The bronze "Artemision Jockey" (140 B.C.) was recovered from a shipwreck off Euboea Island in the 1920s and '30s and pieced back together in 1971. A museum sign says simply that "an American lady" helped pay for its restoration. Details at 10, I suppose.
Not a lot was known about Greek antiquity until 150 years ago. The museum's collection springs primarily from two major excavations in the late 1800s. Heinrich Schliemann excavated Mycenae and Tiryns. Christos Tsountas explored the Cyclade islands and Thessaly, uncovering the first Greek civilzations, the Neolithic and the Cycladic. Before then, Greek prehistory had no timeline, no classifications. Rounding out the museum's holdings are discoveries made in the early 20th century and items confiscated as recently as 1997 from looters, traffickers and associated lowlifes.
These exotic objects from a Mycenae grave circle about 75 miles southwest of Athens may be the oldest things I have ever seen in person. That's a genuine ostrich egg with little applied dolphins that somebody used as a drinking vessel in 16th century B.C. That's some 3,500 years ago ― before Confucious, before coins, before the number zero.
The Iron Age had not begun, but the Myceneans had a way with gold, making death masks like this.
A wall painting from the Acropolis of Mycenae from the 15th century B.C.
This striking storage jar showing an octopus in a tangle of seaweed deservedly has its own Wikipedia entry . Just reproduce it and take my money already.
The museum has a huge collection of statues, mostly of the funerary kind. Everyone looks sad because, you know, death. Even statues in a "highly fragmented state of preservation" are lovingly displayed and exhaustively described.
This grave monument is particularly heartbreaking. Known as "The Stele of Farewell" (350-325 B.C.), it shows a sitting person (dead) extending their right hand to a relative in a goodbye handclasp that is a repeated motif in the fourth century B.C. The standing woman appears to say something like "Time's up. We'll miss you." That's how I view it, anyway. Cemetery sculptures like this were considered so large and emotionally overblown that they were actually banned in 317 B.C. Boy, did I see a lot of modern-day variations in Budapest's Kerespesi Temeto cemetery.
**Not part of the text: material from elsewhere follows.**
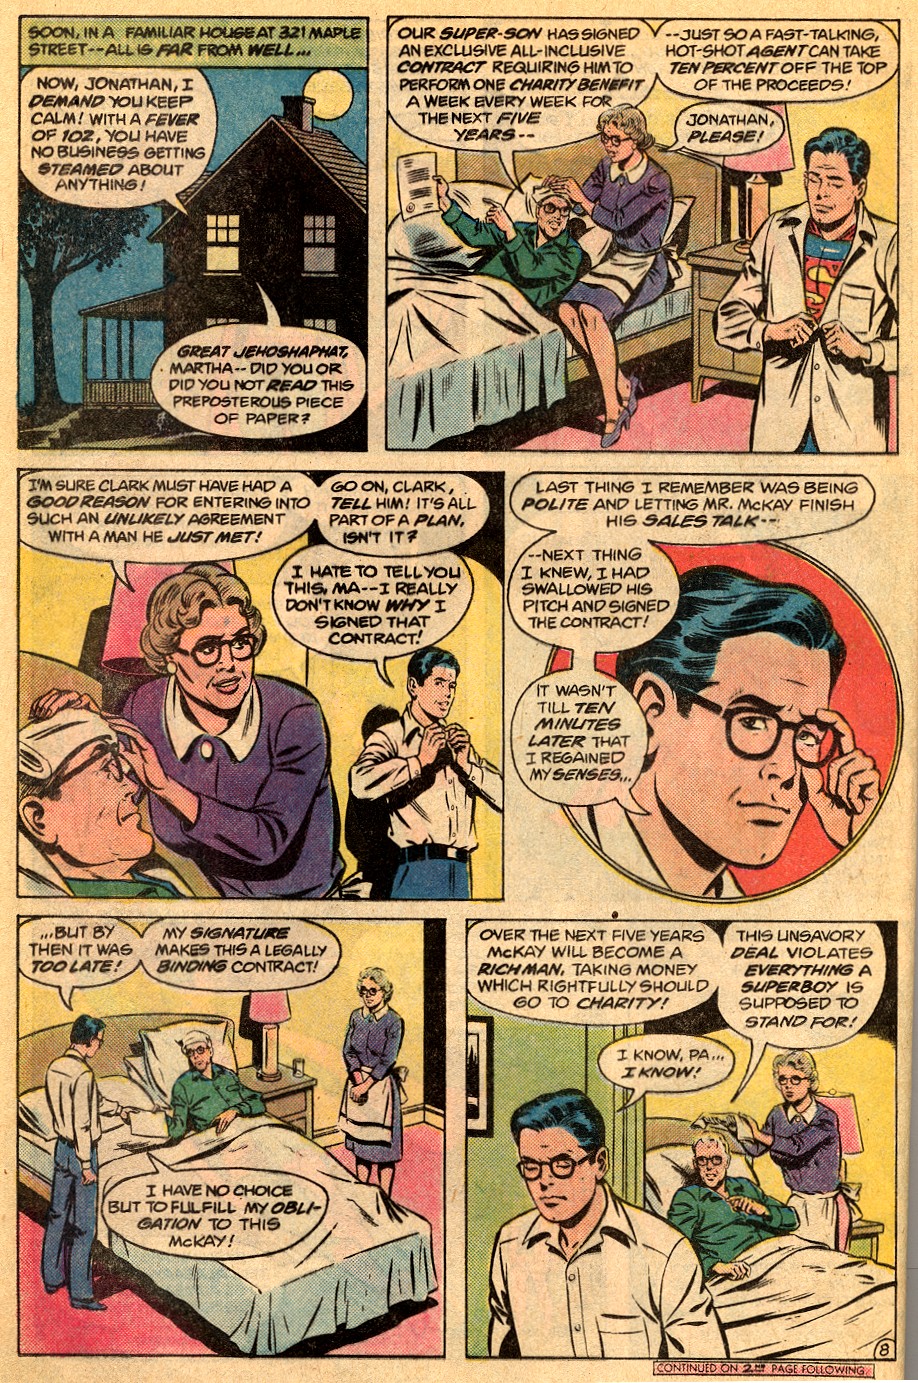 The New Adventures of Superboy 21 Page 11

The 3-minute walk below takes us through funerary and other statues from the 4th century B.C. through the Late Classical period (more fluid, expressive gestures), right up to the cusp of the Roman period. At 1:31 you can see the "Antikythira Youth," discovered by sponge divers in 1900. Looks like he's waving to the gallery like my son does after deliberately hitting a spectator in "Tiger Woods PGA Tour 12: The Masters." The video also gives you an idea of why the offseason of November is a great time to visit Athens. There are tourists here and there, sure, but I can't imagine what a sweaty mess this city and these halls must be like in the summertime.